### Assignment
Nothing but the lines below from the one holding "free-authority-new-naruto-printed-thai-curry-shorts" up to and including the one holding "Cartoon Physician Illustration" should be copied, exactly and without pictures.

### Data for this exercise
☆ ☆ ☆

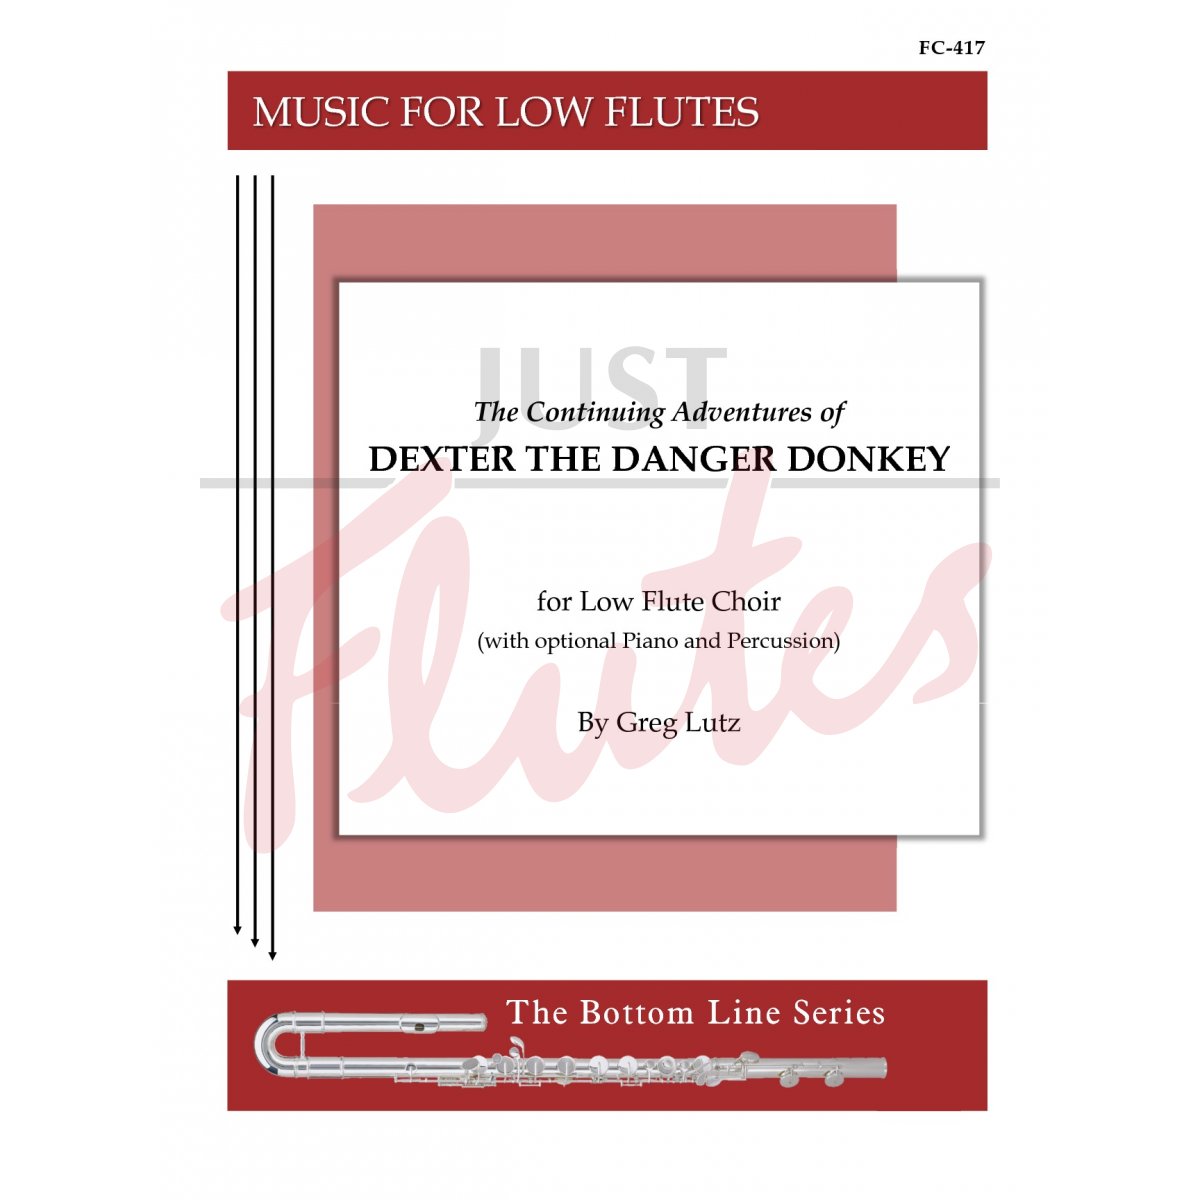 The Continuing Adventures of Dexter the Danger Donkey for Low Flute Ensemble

☆ ☆ ☆

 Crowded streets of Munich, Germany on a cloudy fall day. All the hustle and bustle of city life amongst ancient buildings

☆ ☆ ☆

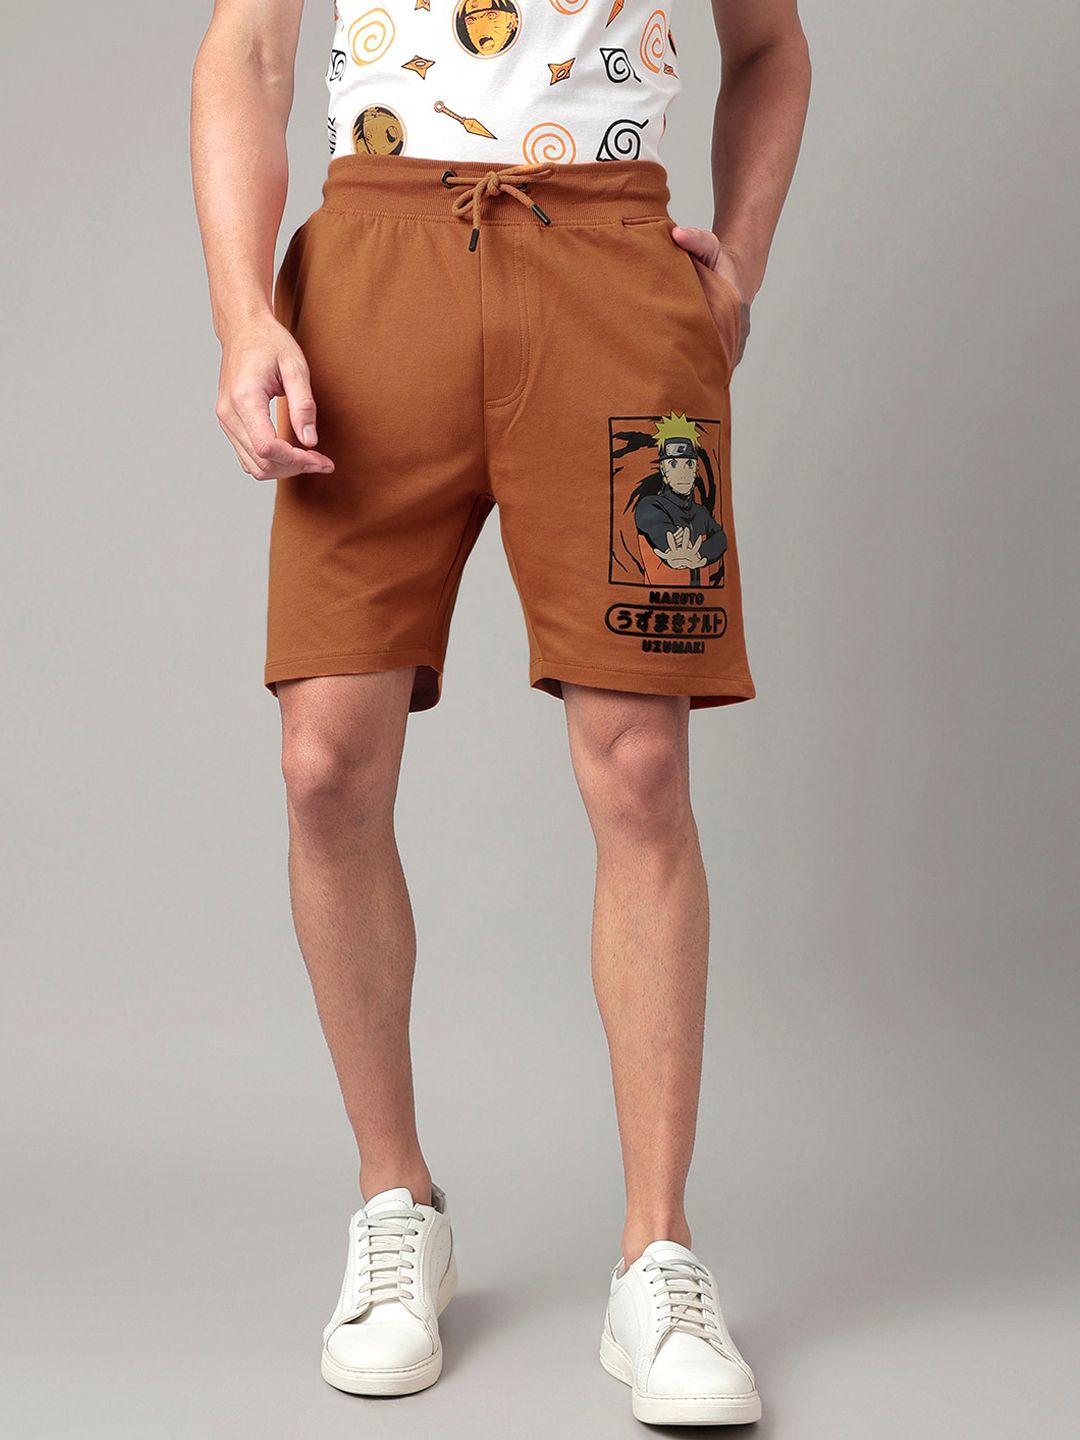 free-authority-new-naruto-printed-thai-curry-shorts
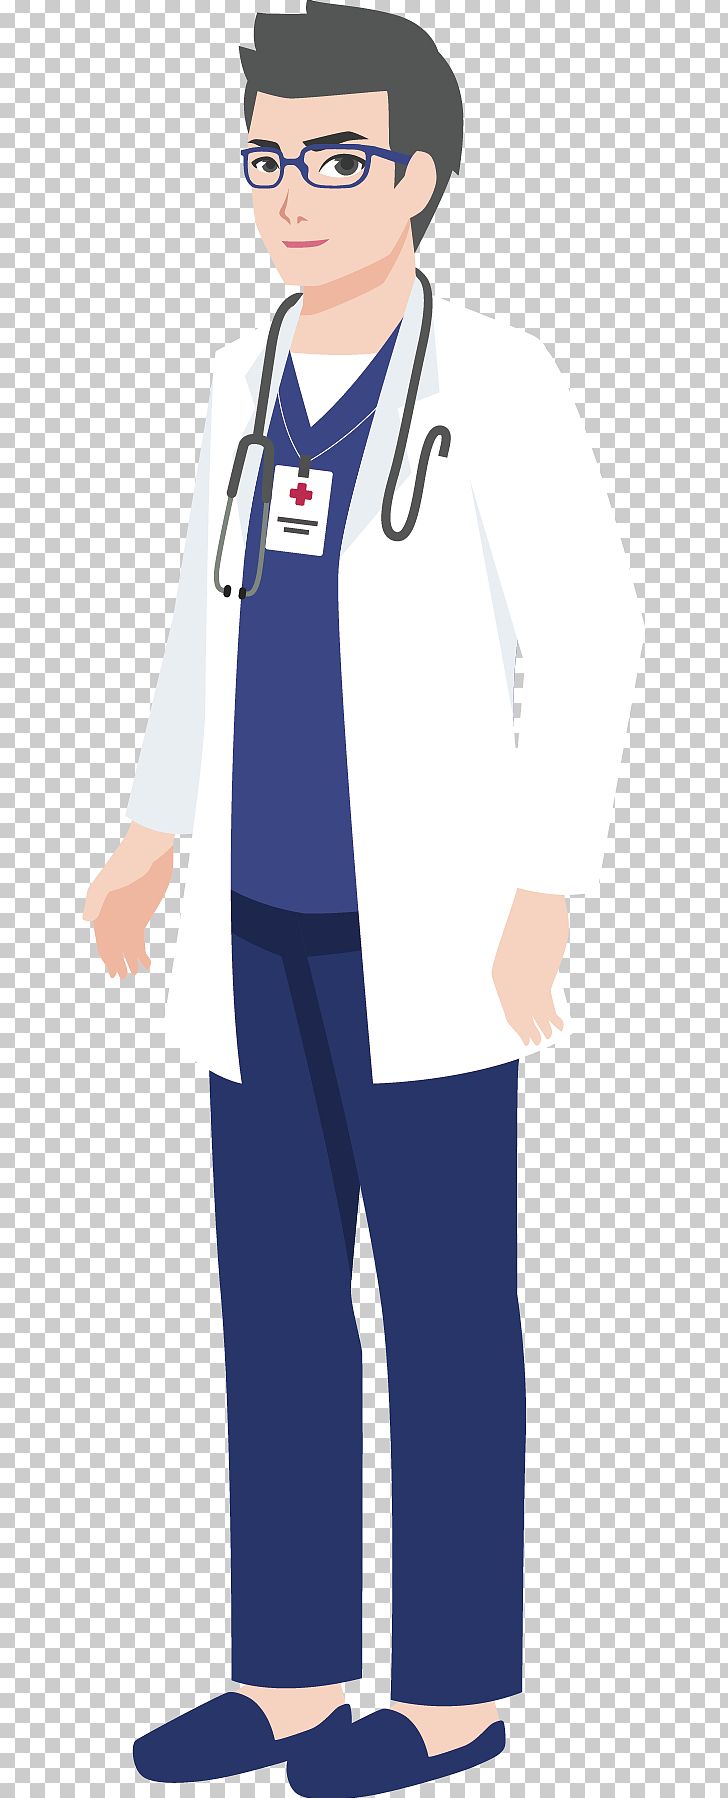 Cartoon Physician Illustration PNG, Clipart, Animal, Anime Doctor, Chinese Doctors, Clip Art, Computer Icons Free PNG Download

☆ ☆ ☆

### Completed task
 free-authority-new-naruto-printed-thai-curry-shorts
 Cartoon Physician Illustration PNG, Clipart, Animal, Anime Doctor, Chinese Doctors, Clip Art, Computer Icons Free PNG Download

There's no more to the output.